▶ _Raw data_
:::::

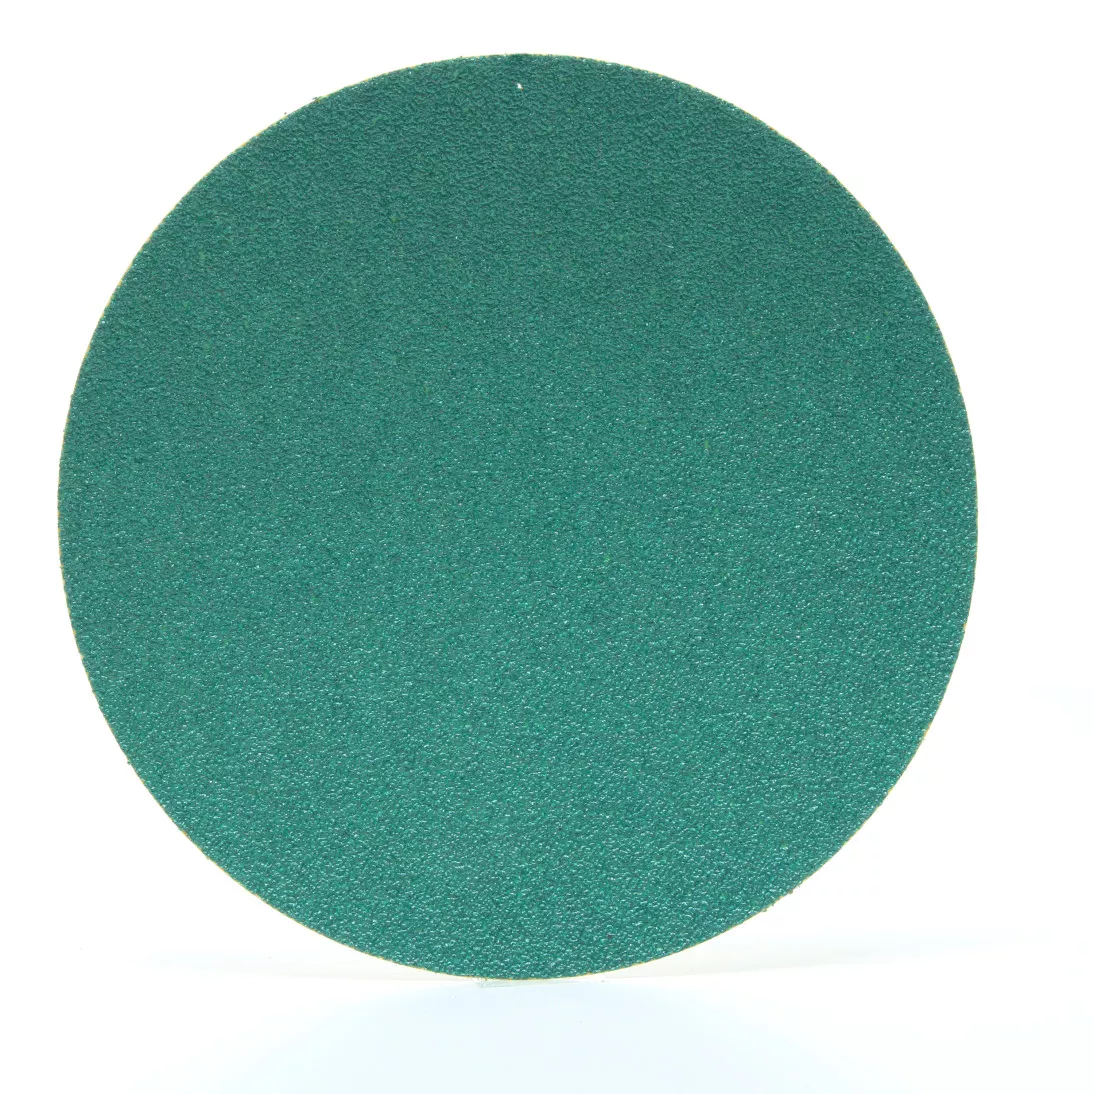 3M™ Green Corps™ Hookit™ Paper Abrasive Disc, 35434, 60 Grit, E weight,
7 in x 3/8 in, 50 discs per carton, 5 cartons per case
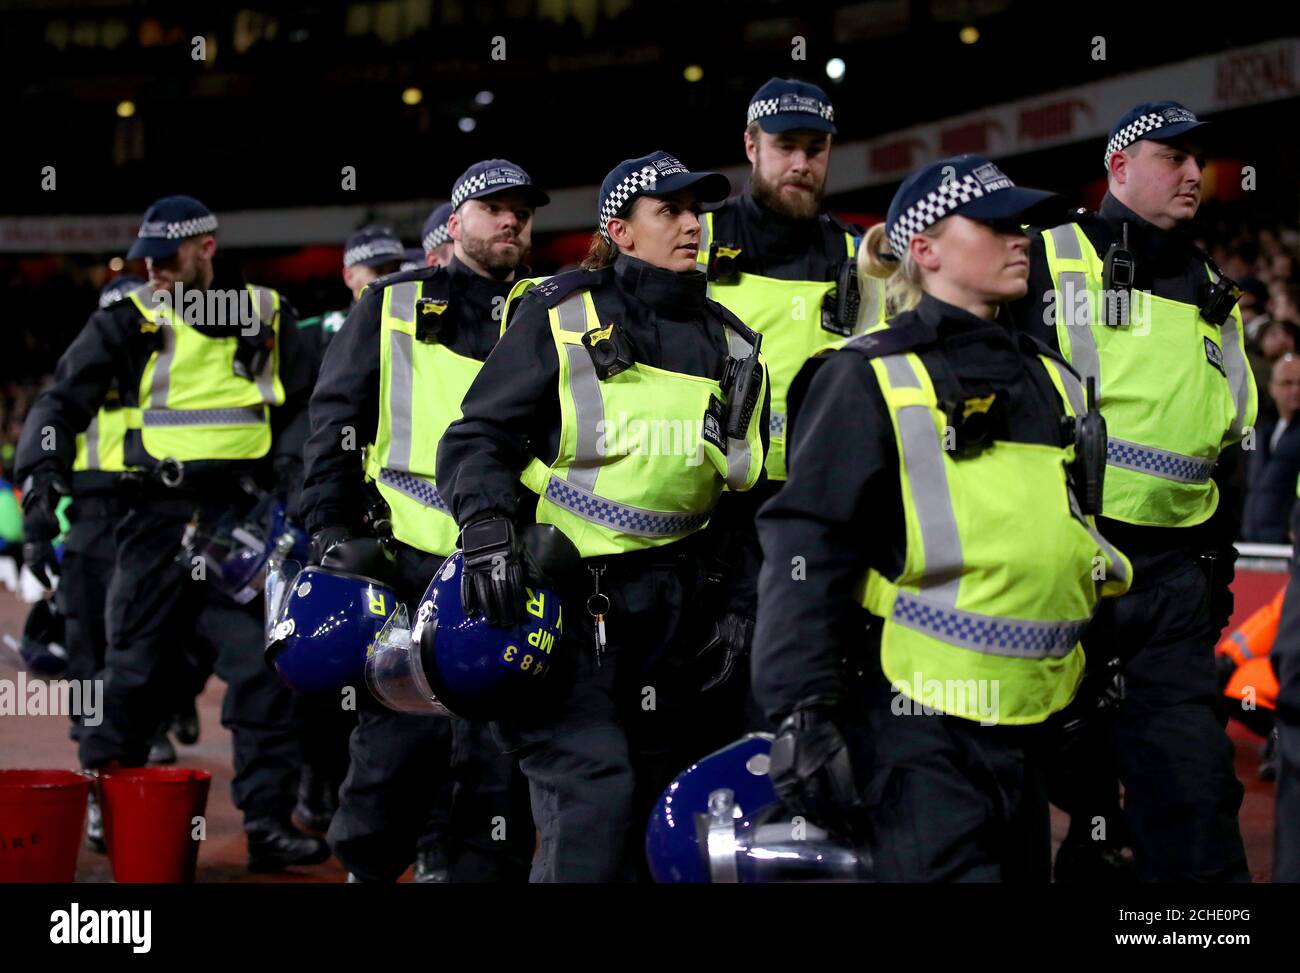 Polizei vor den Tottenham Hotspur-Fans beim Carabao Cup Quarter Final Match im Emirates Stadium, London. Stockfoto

:::::

▶ _Problem to work on_
Beginning with the line that holds "7 in x 3/8 in, 50", output each line to the end of the material above, exactly, omitting the pictures.

▶ _Solution to the exercise_
7 in x 3/8 in, 50 discs per carton, 5 cartons per case
 Polizei vor den Tottenham Hotspur-Fans beim Carabao Cup Quarter Final Match im Emirates Stadium, London. Stockfoto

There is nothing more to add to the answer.